I'm not pretending to have this figured out. We have folks at Zapier focused specifically on developer impact and productivity, and a lot of the real work is happening there. What I'm doing is paying attention to what loosening the code bottleneck reveals.
For PR reviews: I'm interested in how we size review capacity, who does it, and how we avoid making it the place where velocity dies. That might mean clearer ownership (who reviews what), smaller PRs, lighter-weight or even solely AI-powered review for low-risk changes, or better tooling so reviewers can move faster without sacrificing quality. I don't have a single playbook. I'm watching what works.
For decision-making: I'm paying more attention to how we decide what to do with the options we can now generate so easily (what to invest in, what to ship, what to kill) and who has authority to make those calls.
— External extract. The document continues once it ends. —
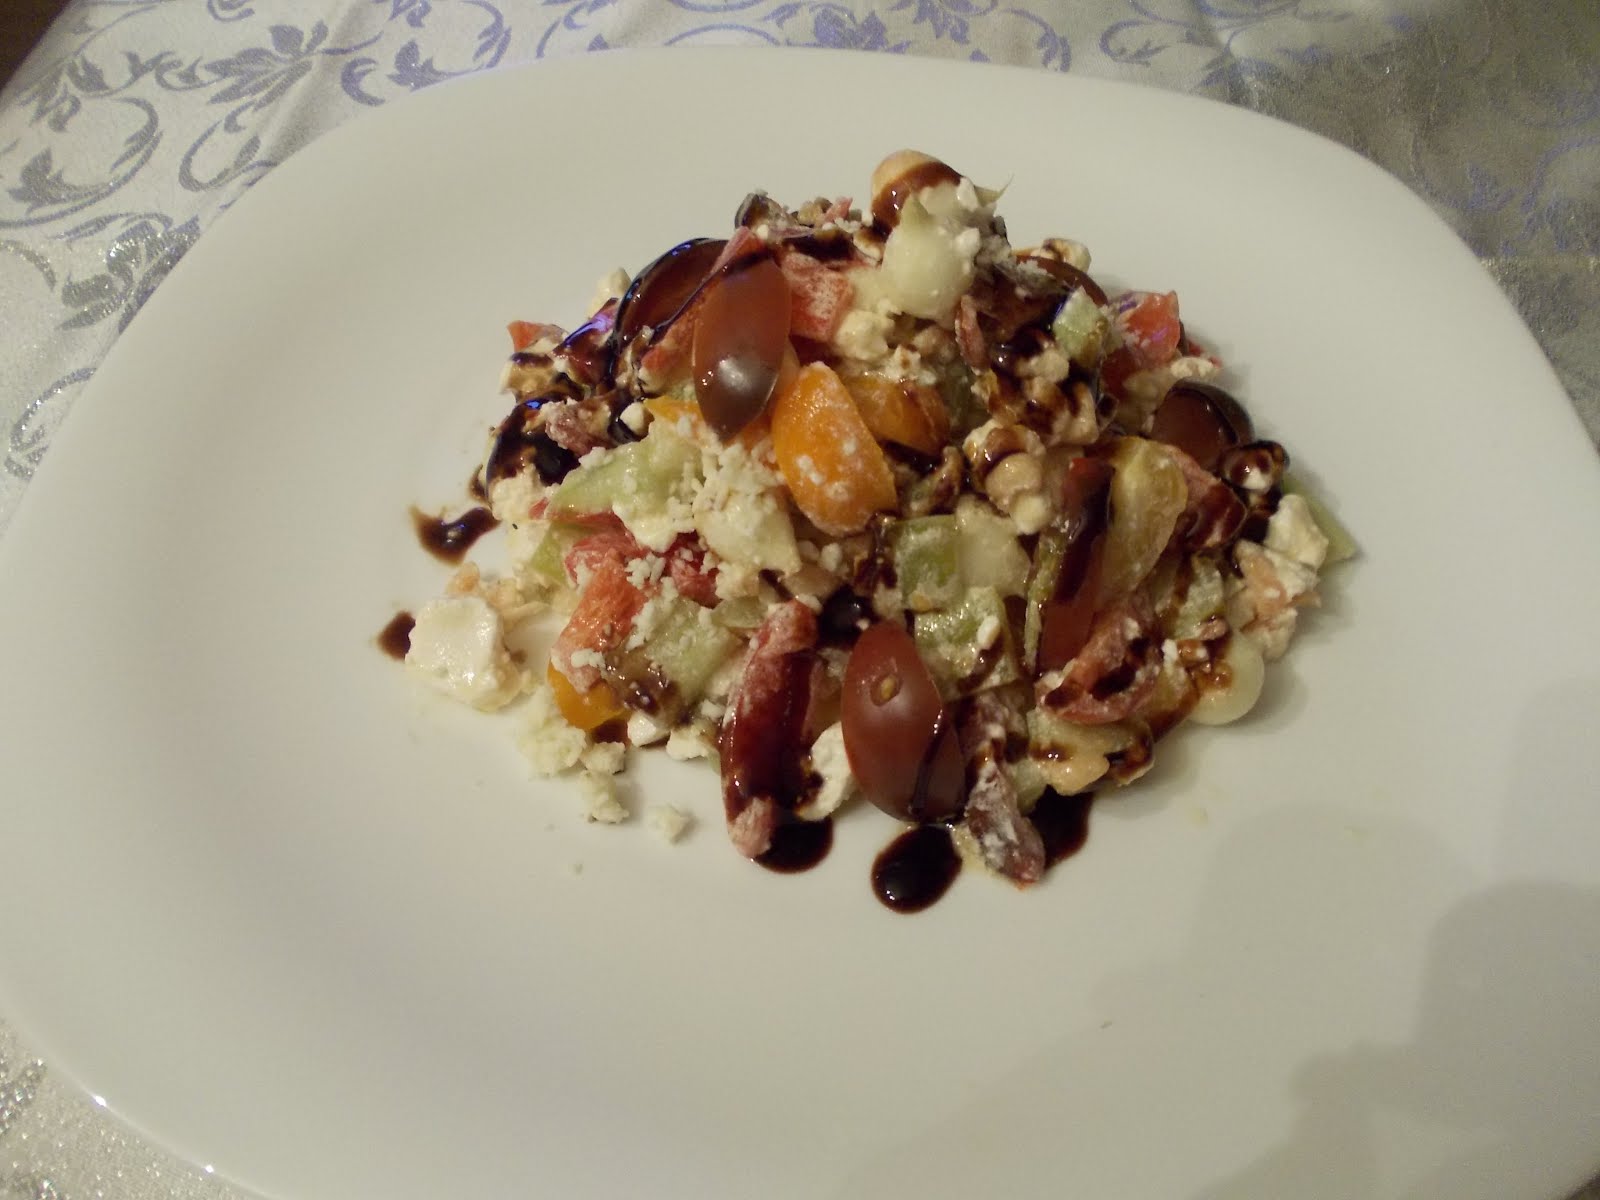 Salata 4mix cherry tomatoes Quattro stagioni

The goal is to make sure we're not stuck when we have more possibilities than we know what to do with. I'm also paying attention to whether we're set up for it. A lot of companies aren't ready to empower engineers with the autonomy this pace asks for, and leadership doesn't always see engineers as strategic thinkers yet. That gap shows up fast when the bottleneck moves.
If you're in a team or org that's leaning into AI for development, you're probably feeling some version of this. The bottleneck shift is a useful lens. The feedback loop shortens with AI, and the focus shifts to higher-order problems: architecture, design, strategic decisions. Still very much a human-centric problem, just a different kind.
Slowing down AI adoption isn't the solution here. We should stop assuming that "faster code" automatically means "faster outcomes," and we start deliberately investing in the parts of the process that are now the constraint.
I'm treating this as a learning tool. When code stops being the bottleneck, you get a clearer picture of where your process was already fragile. The next step is to notice where things are piling up and start treating review and decision-making as the constraints they've become.